### Work task
Transcribe all of the data verbatim, please, and leave out its pictures.

### Given data

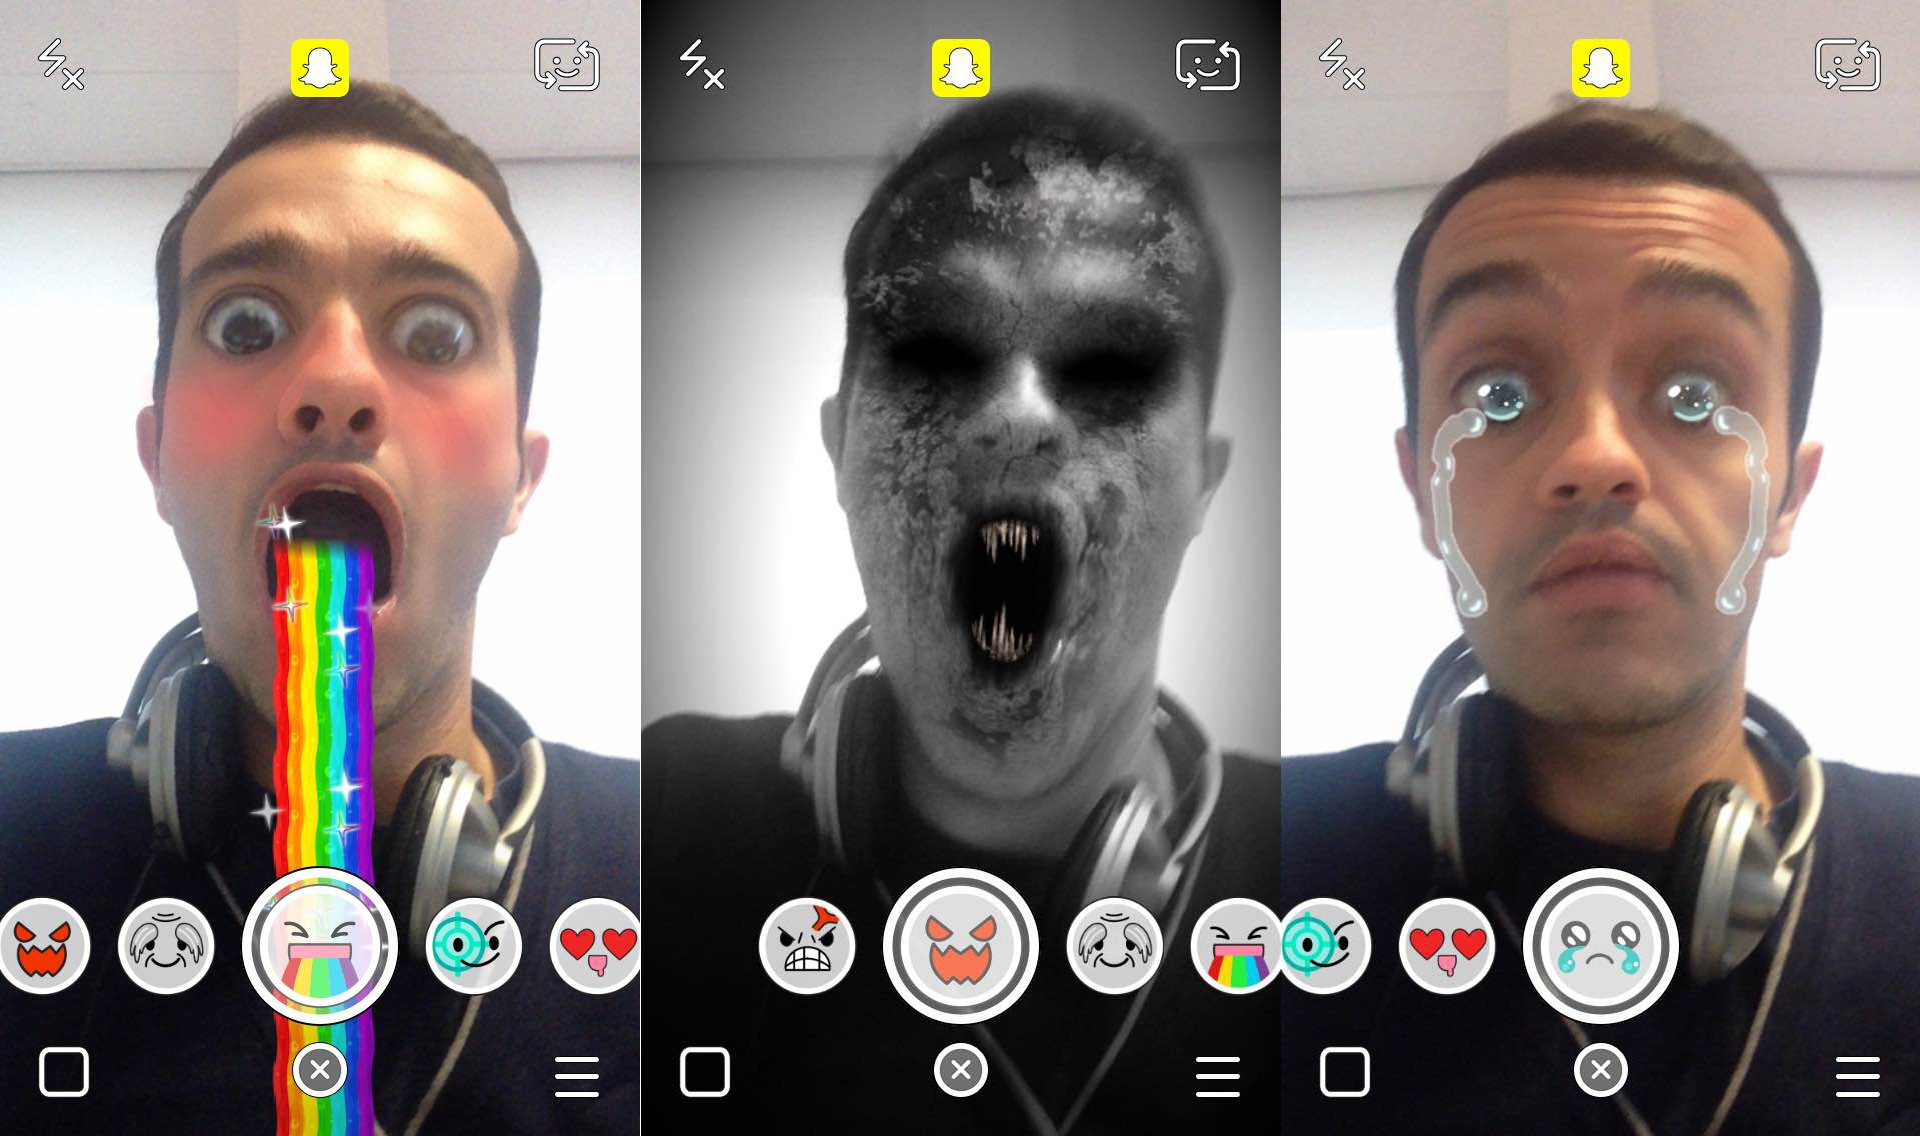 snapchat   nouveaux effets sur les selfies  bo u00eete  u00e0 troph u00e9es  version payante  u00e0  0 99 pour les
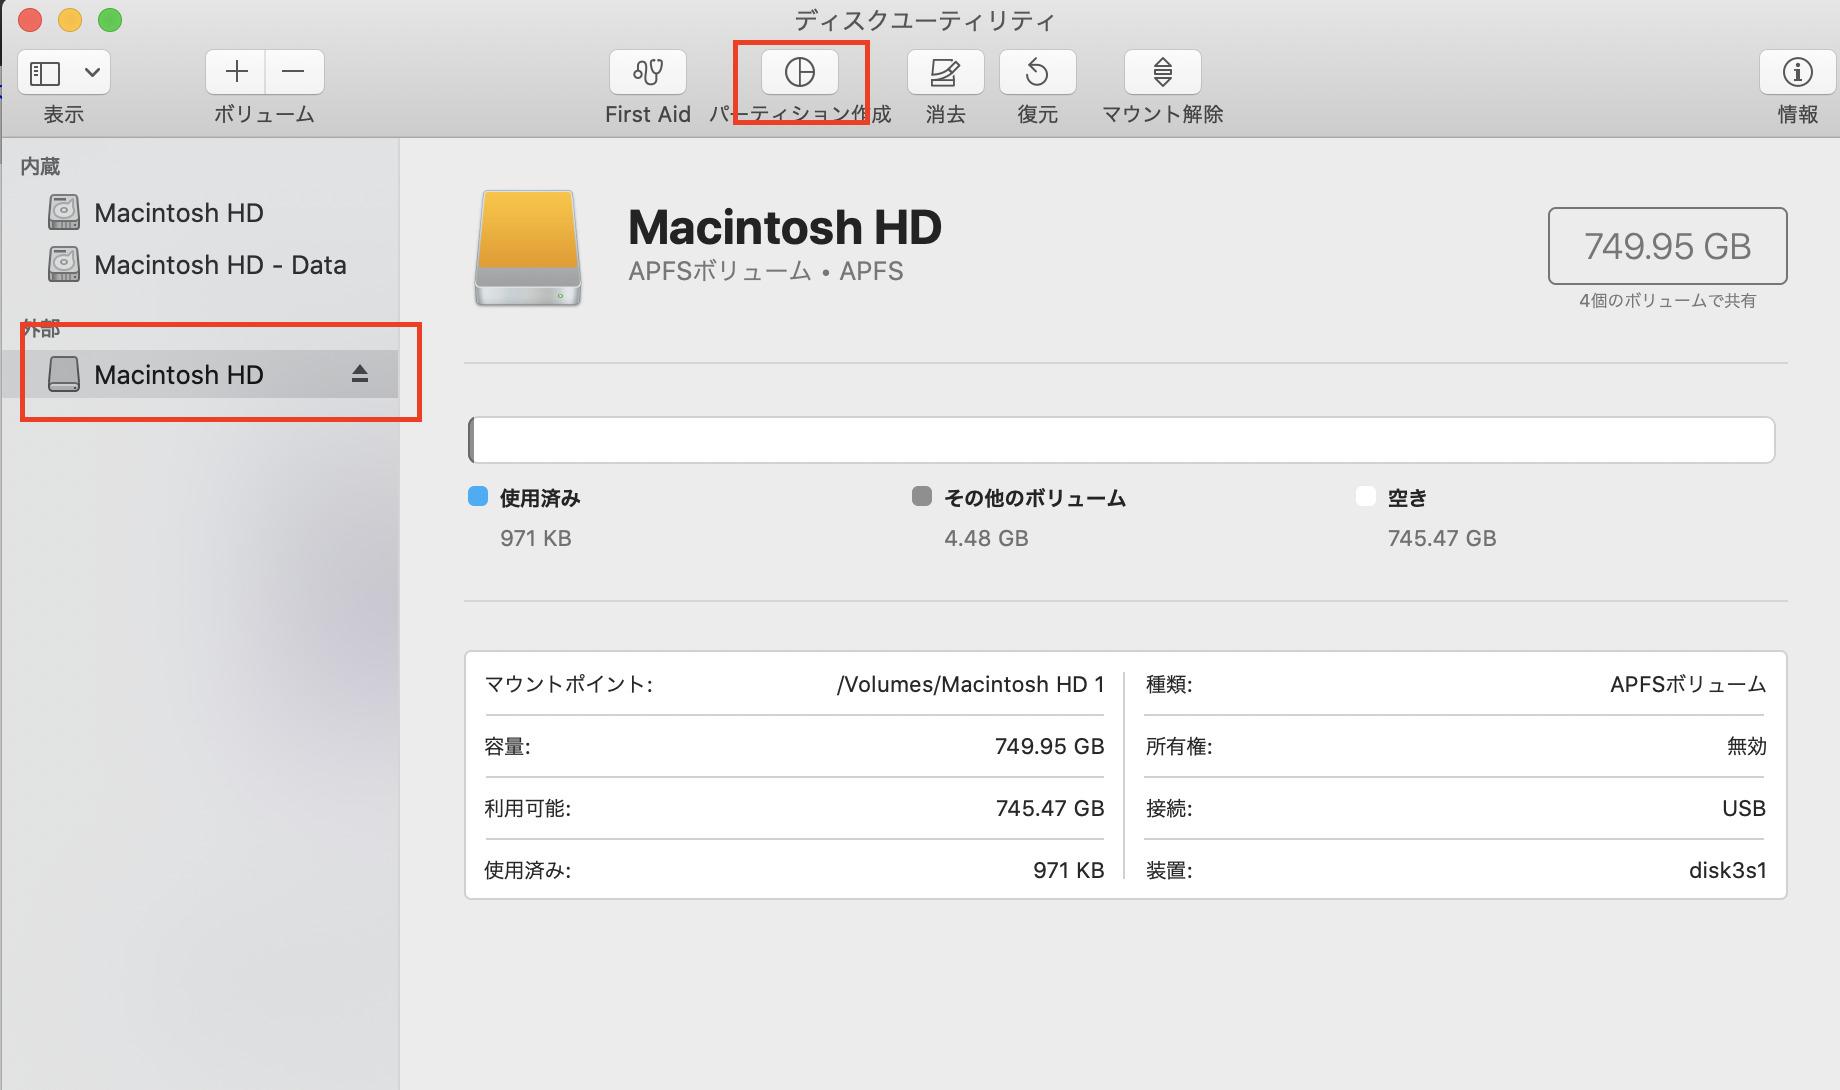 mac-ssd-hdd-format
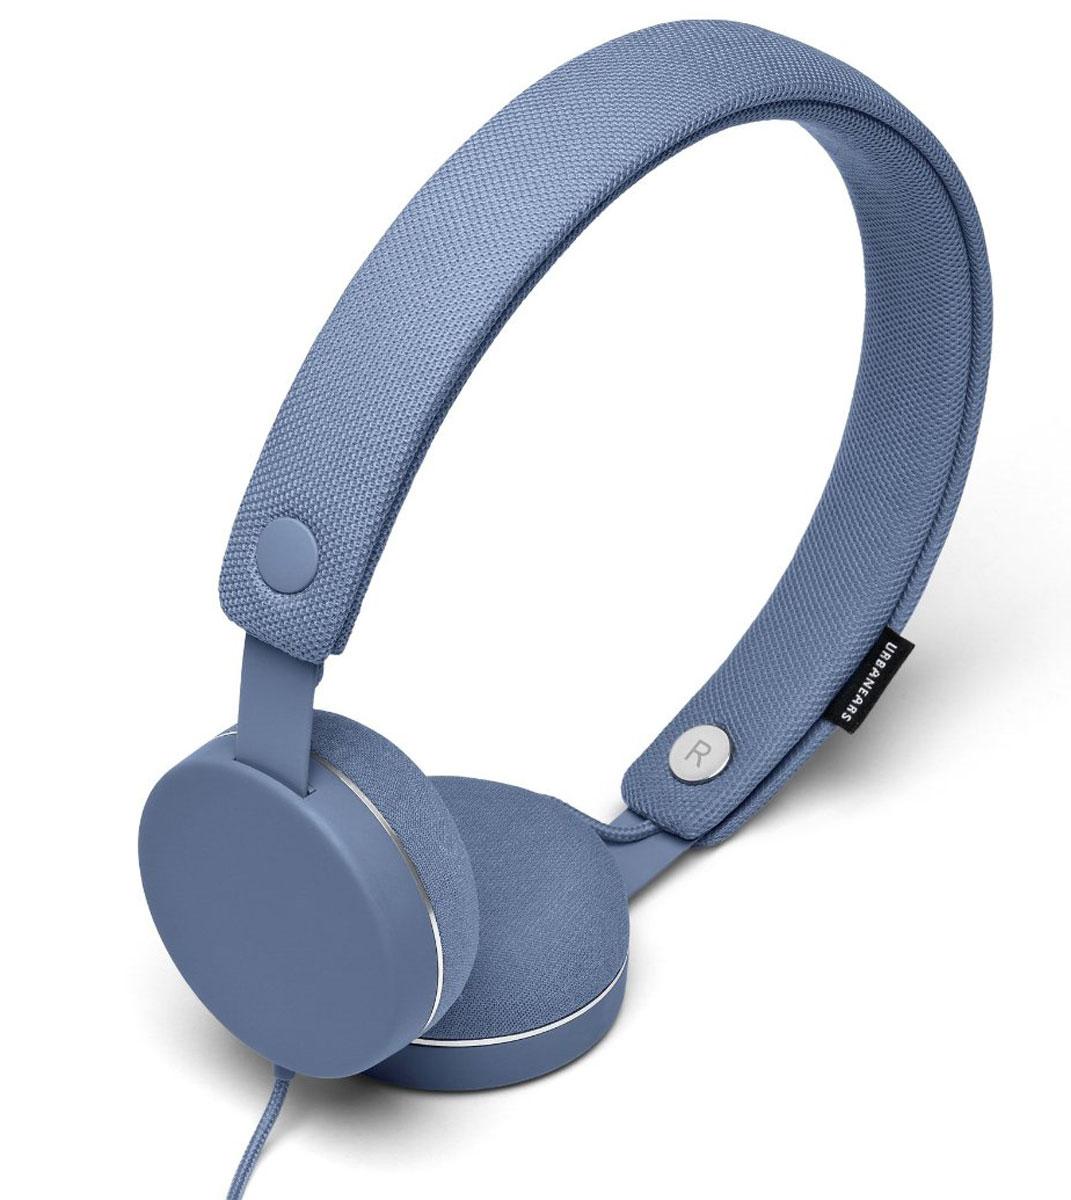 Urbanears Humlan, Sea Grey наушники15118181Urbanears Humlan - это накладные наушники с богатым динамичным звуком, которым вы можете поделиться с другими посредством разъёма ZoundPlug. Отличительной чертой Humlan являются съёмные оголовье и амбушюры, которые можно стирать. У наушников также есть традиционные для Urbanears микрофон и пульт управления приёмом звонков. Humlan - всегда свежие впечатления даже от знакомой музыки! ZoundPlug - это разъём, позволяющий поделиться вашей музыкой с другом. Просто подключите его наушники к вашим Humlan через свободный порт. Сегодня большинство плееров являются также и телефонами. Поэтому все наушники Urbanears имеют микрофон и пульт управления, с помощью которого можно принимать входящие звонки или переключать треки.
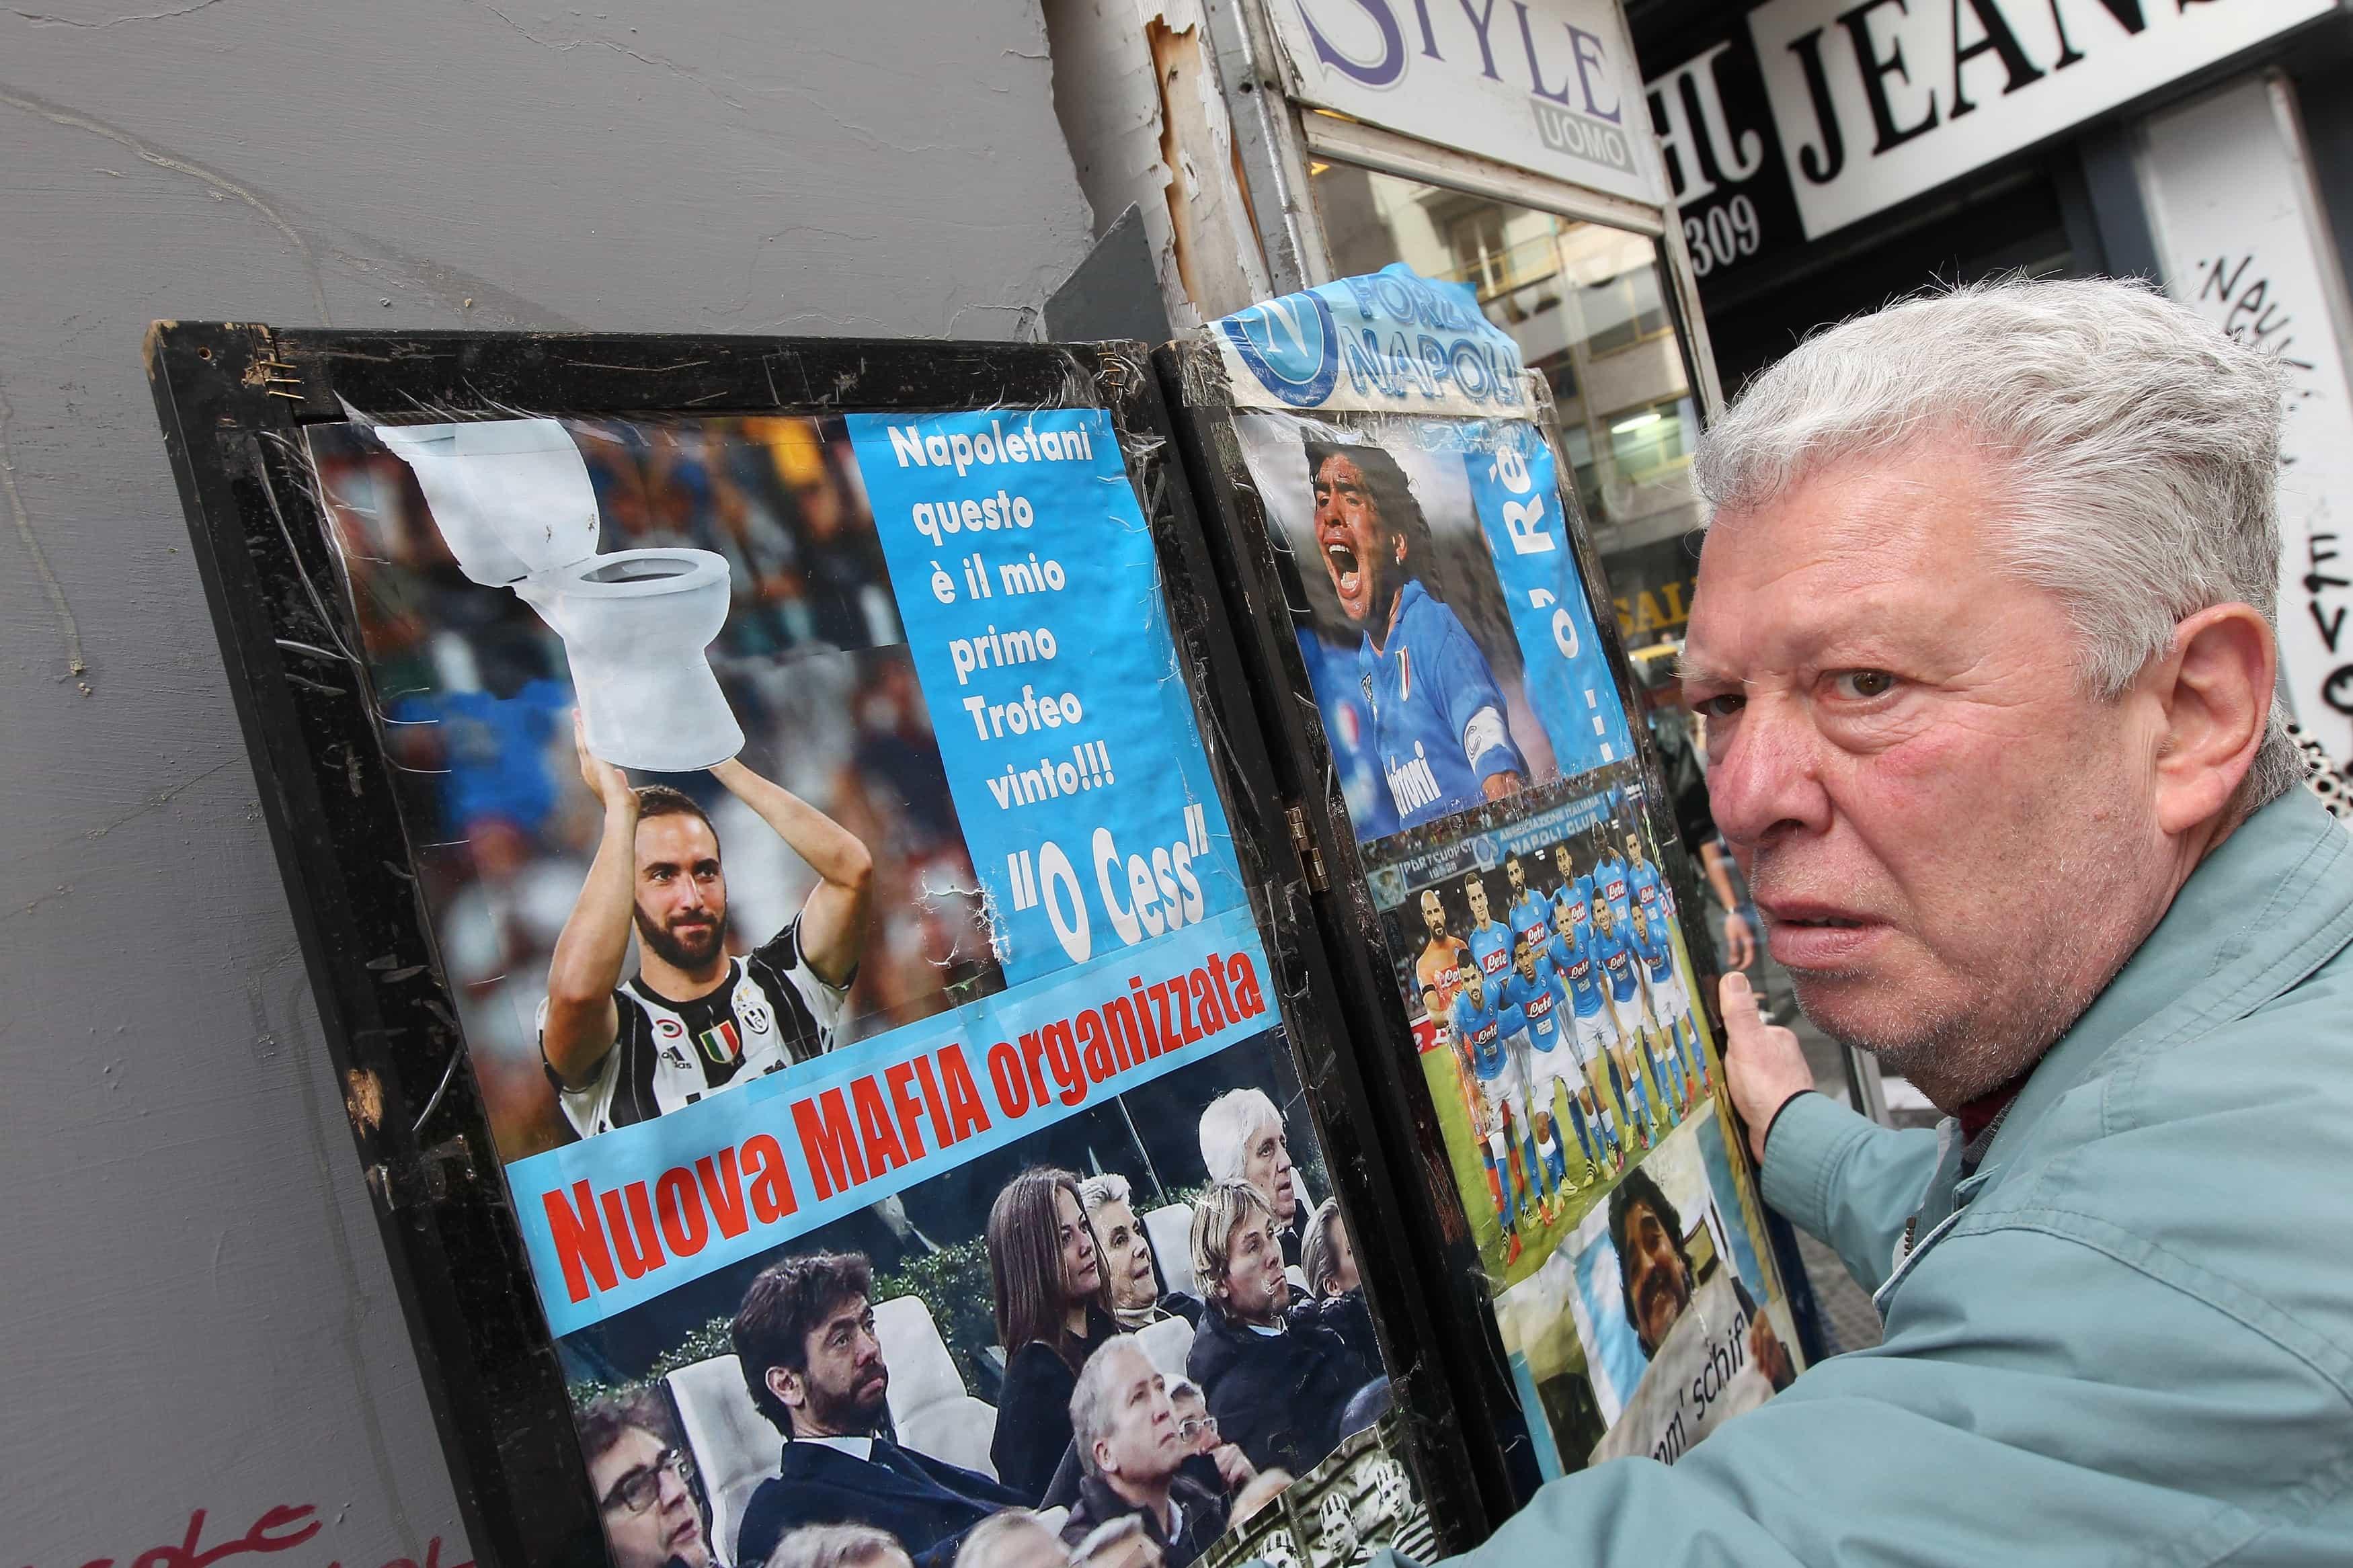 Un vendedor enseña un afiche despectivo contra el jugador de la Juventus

### Exercise response
 snapchat   nouveaux effets sur les selfies  bo u00eete  u00e0 troph u00e9es  version payante  u00e0  0 99 pour les
 mac-ssd-hdd-format
 Urbanears Humlan, Sea Grey наушники15118181Urbanears Humlan - это накладные наушники с богатым динамичным звуком, которым вы можете поделиться с другими посредством разъёма ZoundPlug. Отличительной чертой Humlan являются съёмные оголовье и амбушюры, которые можно стирать. У наушников также есть традиционные для Urbanears микрофон и пульт управления приёмом звонков. Humlan - всегда свежие впечатления даже от знакомой музыки! ZoundPlug - это разъём, позволяющий поделиться вашей музыкой с другом. Просто подключите его наушники к вашим Humlan через свободный порт. Сегодня большинство плееров являются также и телефонами. Поэтому все наушники Urbanears имеют микрофон и пульт управления, с помощью которого можно принимать входящие звонки или переключать треки.
 Un vendedor enseña un afiche despectivo contra el jugador de la Juventus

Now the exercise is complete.